Repository files navigation

Welcome

This is the script of the final bacherlor project of Floris Fok. This script allows transfer learning with both medical and non-medical datasets. It measures performance with AUC and has some fucntions in AAAnalyse to visualize the filters. This will determine if medical source data is required when applying transfer learning on medical target data.

Abstract and conclusion can be found below, a short explaination of how to use the script is given here.
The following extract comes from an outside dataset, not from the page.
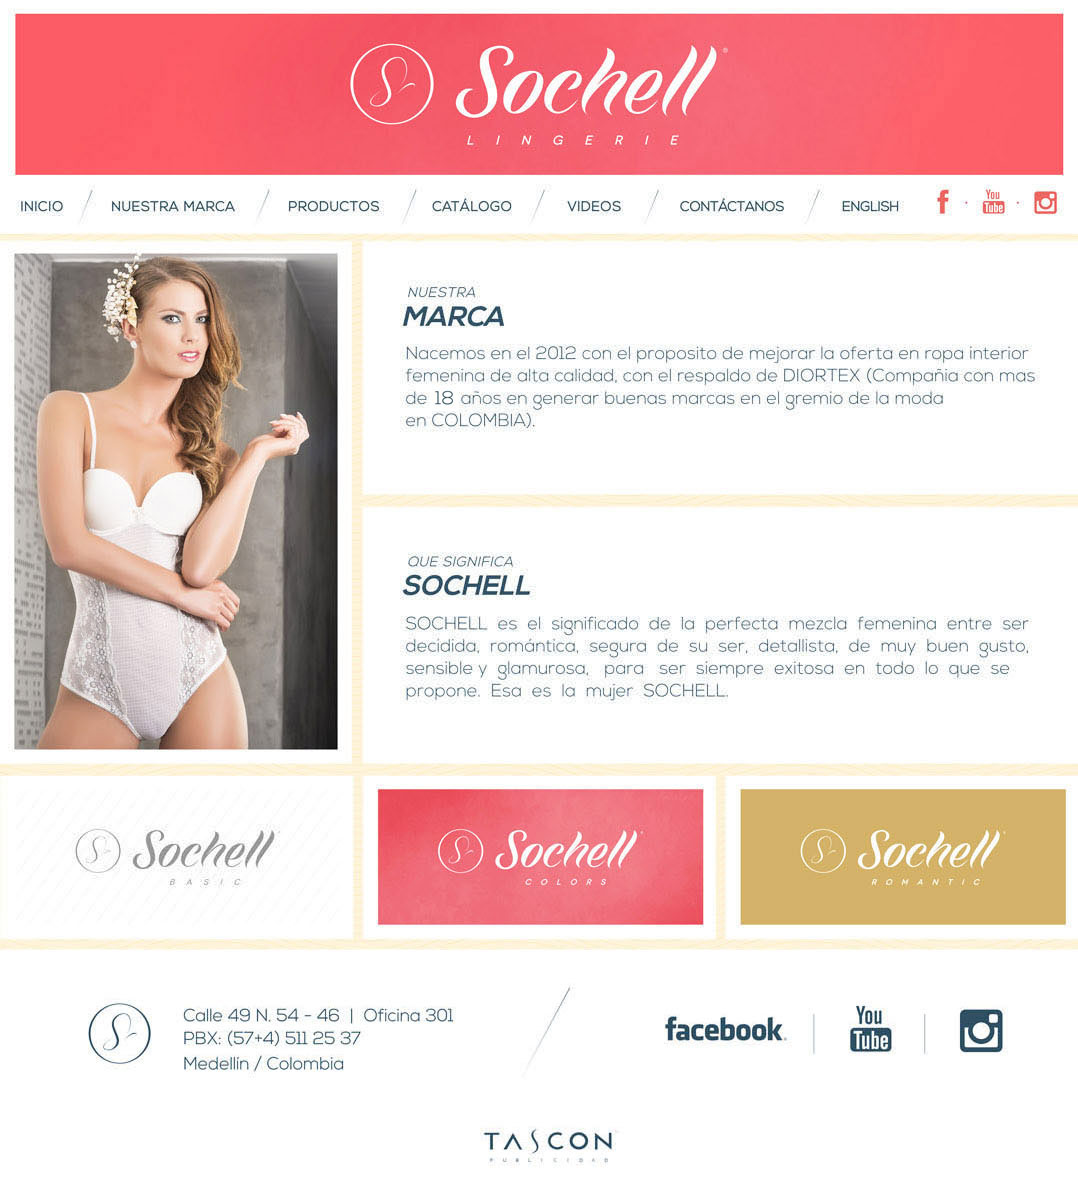 sochell Rebrand brand logo new Website design tasconpublicidad medellin colombia lingerie Ropa Interior mujer

The whole script is supported by comments to explain what is happening, so everybody will be able to understand the script with some prior knowledge of python.

Script

How to use, first of all you need to download the correct datasets:

Download all py files from github

Edit the params in your script to match the format, skip the xxx.

params = {"Data":xxx, "data_name":xxx, "style":xxx, "model":xxx, "file_path":PATH OF DATA SET FOLDER, "pickle_path":PATH OF PICKLE, "model_path":{'Nat':PATH OF EACH MODEL IF YOU MADE THEM} OR MODEL PATH IF ITS SOURCE DATA, "RandomSeed":xxx, "doc_path":PATH OF WERE YOUR RESULTS WILL BE PRINTED, 'img_size_x':xxx, 'img_size_y':xxx, 'norm':xxx, 'color': xxx, 'pretrain': xxx, "equal_data": xxx, "shuffle": xxx, "epochs": xxx, "val_size": xxx, "test_size": xxx, "Batch_size": xxx, "stop": xxx }

run run_batch.py

use correct usage of "python run_batch.py iiii(i) run_style"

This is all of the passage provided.